Deshmane, A., Herz, K., Schuppert, M., Lindig, T., Gandhi, C., Reimold, M., et al. (2018). Selective Chemical Exchange Saturation Transfer effects in brain tumors compared to PET contrast at 3T. Clinical Neuroradiology, 28(Supplement 1): 285, S55.


Cite as: https://hdl.handle.net/21.11116/0000-0003-5FDD-B
Abstract
Purpose: CEST allows for indirect detection of diluted molecules via their saturation transfer to the abundant water pool 1–3. At 3T, the frequency separation of different CEST effects is difficult and many applications of CEST use MTRasym evaluation. In this study, we use low-power
saturation to separate the two major contributors the MTRasym signal,
namely APT (at +3.5 ppm) and NOE effects (at –3.5 ppm), and investigate
correlations with 18F-FET PET enhancement in brain tumors.
Methods: 9 patients scanned on a 3T PET/MR system for suspected glioma or recurrent glioma were evaluated (1 radio-necrosis, 1 gliosis, 3 high grade, 4 low grade).

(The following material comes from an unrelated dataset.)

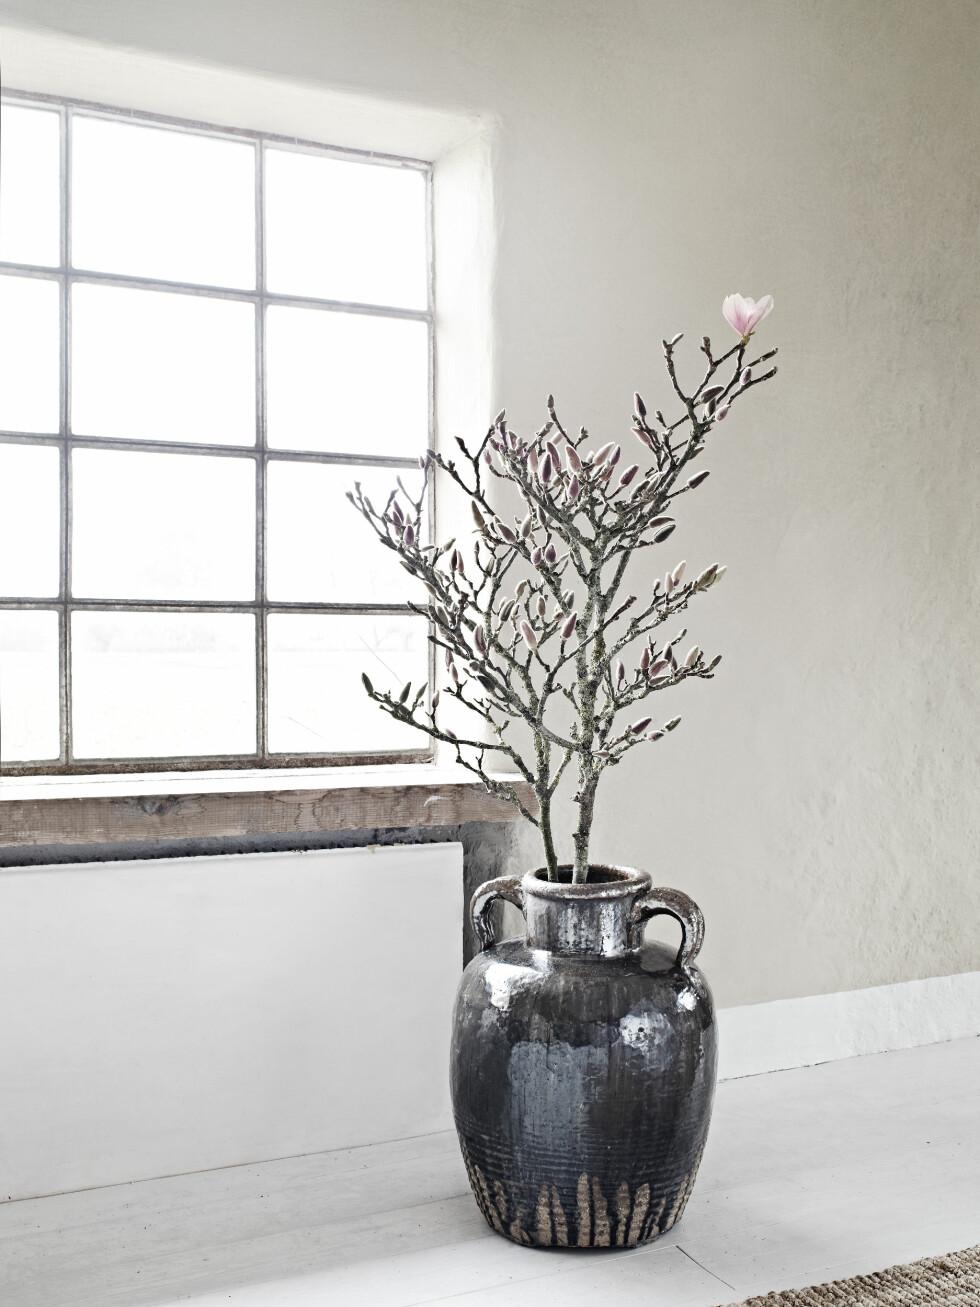 EKSOTISK SKJØNNHET: Drømmer du om et magnoliatre, trenger det slett ikke være så vanskelig å få til som ryktet tilsier. Magnoliaen fås nå i utallige varianter, som tre eller busk, noen mer hardføre enn andre. Skal du forsøke å få dem til åvokse i potte eller urne, anbefales ofte Stjernemagnolia. Husk at det er lurt årådføre seg om stell på hagesenteret. Foto: Sara Svenningrud

Selective protein CEST Z-spectra were acquired with 4s saturation (100 Gaussian pulses, B1 = 0.6 μT, pulse duration 20ms, duty cycle 50%) at 53 frequency offsets ranging from
–100 ppm to +100 ppm. CEST Z-spectra were de-noised using principle
component analysis, retaining 15 principle components. Two-stage Lorentzian analysis was applied to estimate contributions from direct water saturation, magnetization transfer effects from macromolecules4,
and selective CEST effects.
Results: Selective NOE effects were stronger than APT CEST effects in both healthy and diseased tissues. Compared to contralateral tissues, tumor regions exhibit reduced NOE signals and mixed APT signals, consistent with results from previous studies 4,5. There was no correlation between PET uptake and CEST signals within the tumor.
Conclusion: NOE and amide CEST separation is possible at 3T and provide additional information compared to 18F-FET PET.